Jakarta – Dua wanita yang menghadiri pawai pro-Palestina tiga minggu yang lalu didakwa di bawah Undang-Undang Terorisme Inggris. Pada sidang Jumat kemarin, keduanya didakwa karena menampilkan gambar paralayang di pakaian mereka. “Jaksa penuntut mengatakan bahwa gambar-gambar tersebut menimbulkan kecurigaan bahwa mereka adalah pendukung Hamas, yang oleh pihak berwenang Inggris dianggap sebagai kelompok teroris,” sebut laporan AP.
Pada 7 Oktober lalu, Hamas melakukan serangan ‘Badai Al Aqsa’ sebagai bentuk perlawanan terhadap penindasan negeri Israel selama ini. Dalam serangan tersebut, Hamas menggunakan paralayang untuk menerbangkan sejumlah pejuangnya melintasi perbatasan antara Gaza dan Israel selatan.
Aksi demonstrasi pro-Palestina tidak hanya muncul di Inggris. Di Amerika Serikat, ribuan orang berkumpul di ibukota negara Washington untuk memprotes dukungan pemerintahan Joe Biden terhadap Israel. “Palestina akan bebas,” ujar para demonstran yang mengenakan keffiyeh hitam dan putih, meneriakkan yel-yel ketika bendera Palestina berukuran besar dibentangkan oleh kerumunan massa yang memenuhi Pennsylvania Avenue, sebuah jalan menuju Gedung Putih.
Di Paris, beberapa ribu pengunjuk rasa menyerukan gencatan senjata segera di Gaza. Beberapa demonstran meneriakkan, “Israel, pembunuh!” Banyak demonstran yang membawa bendera Palestina. Mereka meneriakkan yel-yel: “Palestina akan hidup, Palestina akan menang”.

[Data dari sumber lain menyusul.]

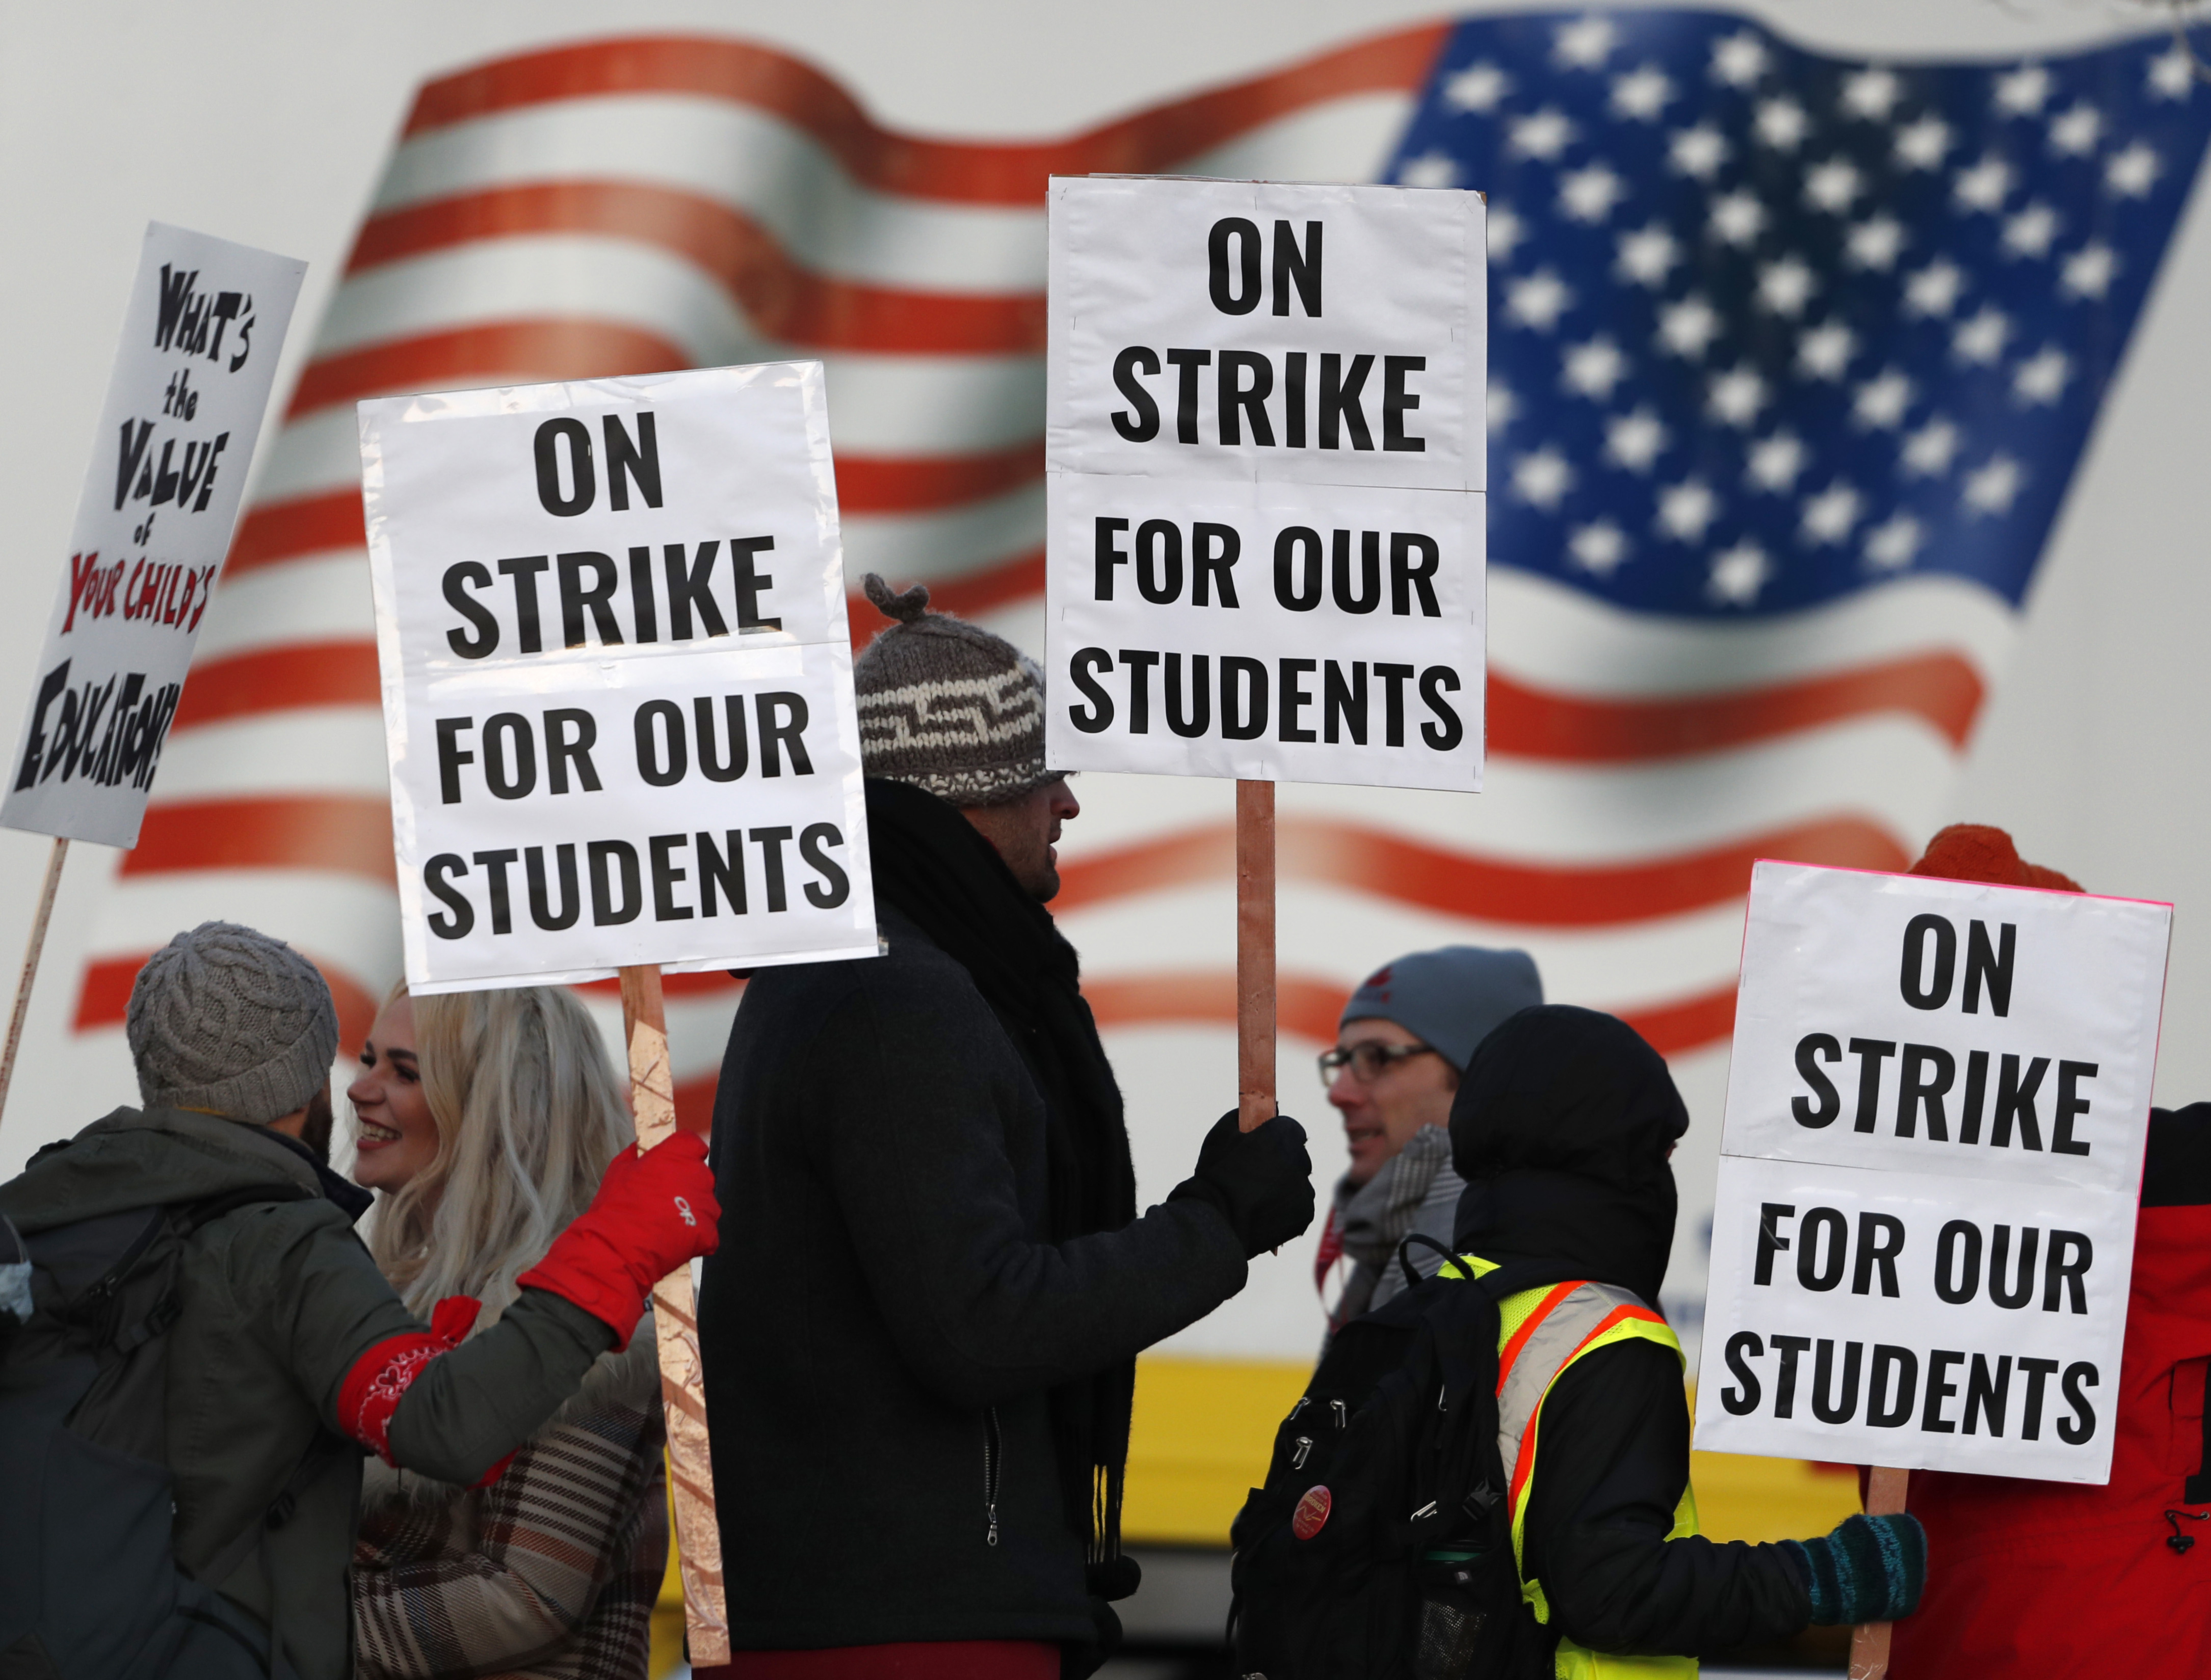 Oakland teachers announce strike over pay, class sizes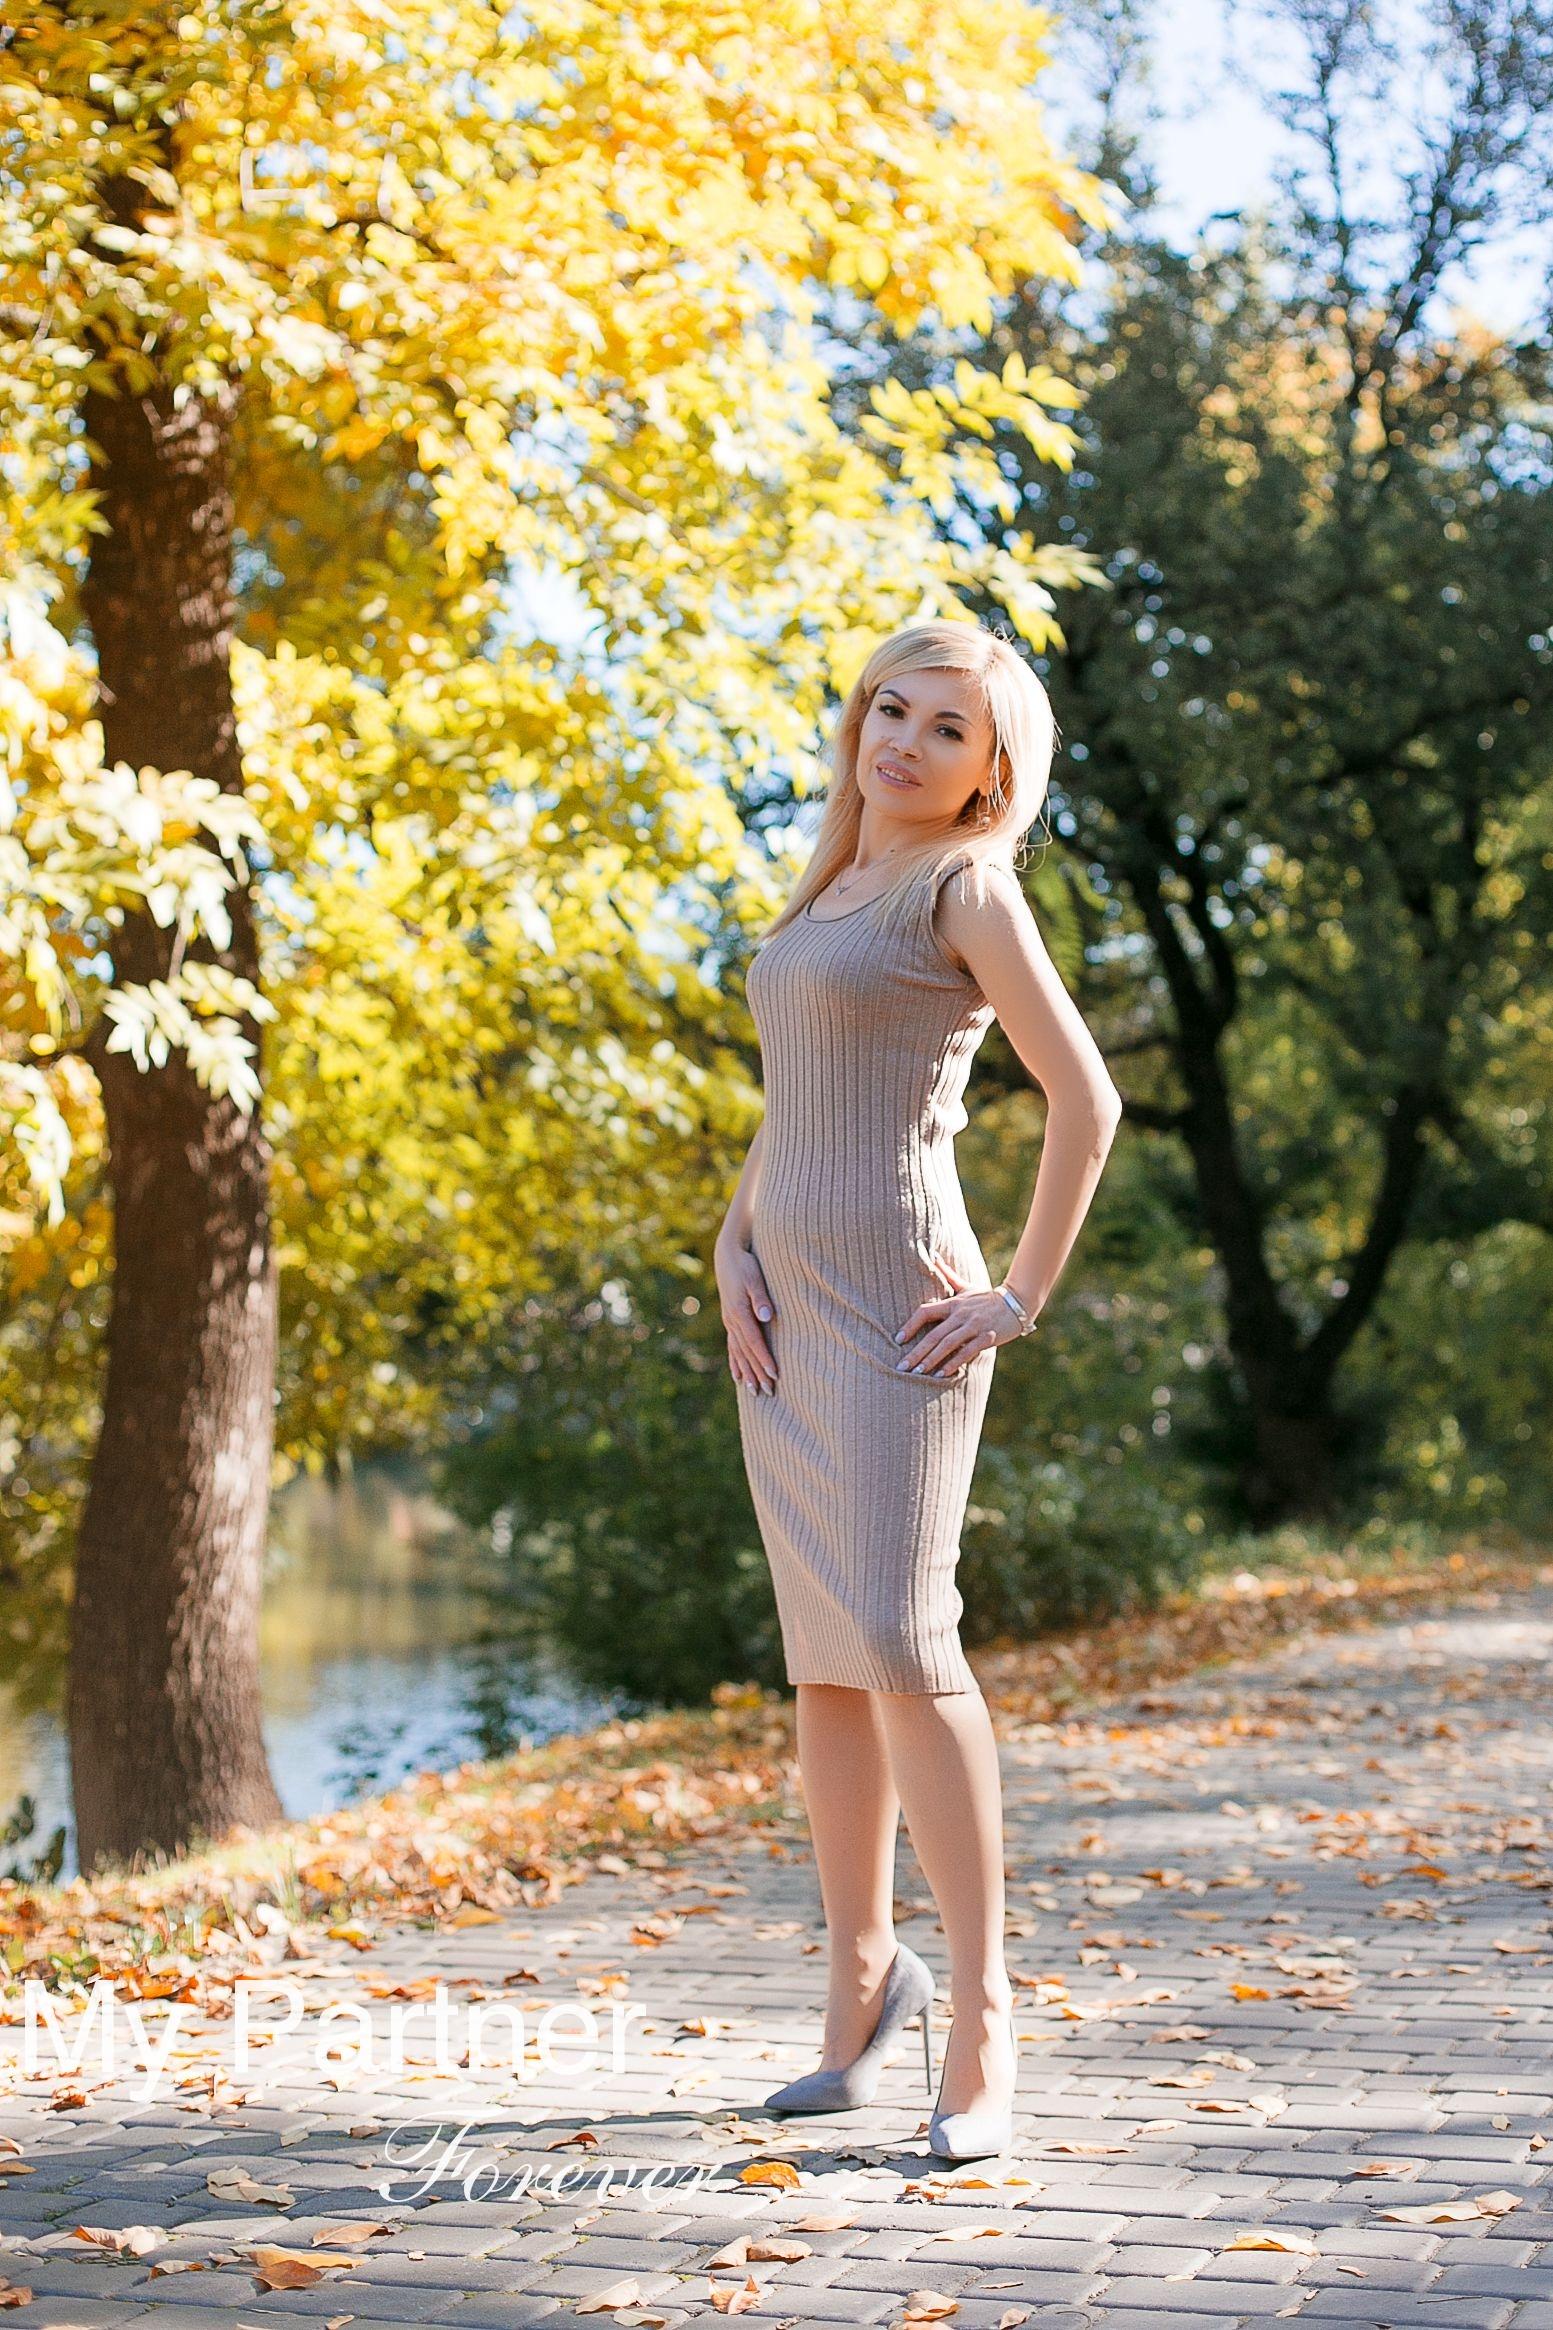 Online dating ukraine login in Australia

Unjuk rasa mencerminkan kegelisahan yang semakin meningkat tentang meningkatnya jumlah korban sipil dan penderitaan akibat perang Israel-Hamas. Para demonstran, terutama di negara-negara dengan populasi Muslim yang besar, termasuk Amerika Serikat, Inggris, dan Prancis, menyatakan kekecewaan terhadap pemerintah mereka yang mendukung Israel.
Sementara aksi pemboman Israel terhadap rumah sakit dan daerah pemukiman di jalur Gaza semakin intensif. Jumlah korban meninggal Palestina telah lebih dari 10.000 jiwa, menurut Kementerian Kesehatan yang dikelola Hamas di Gaza.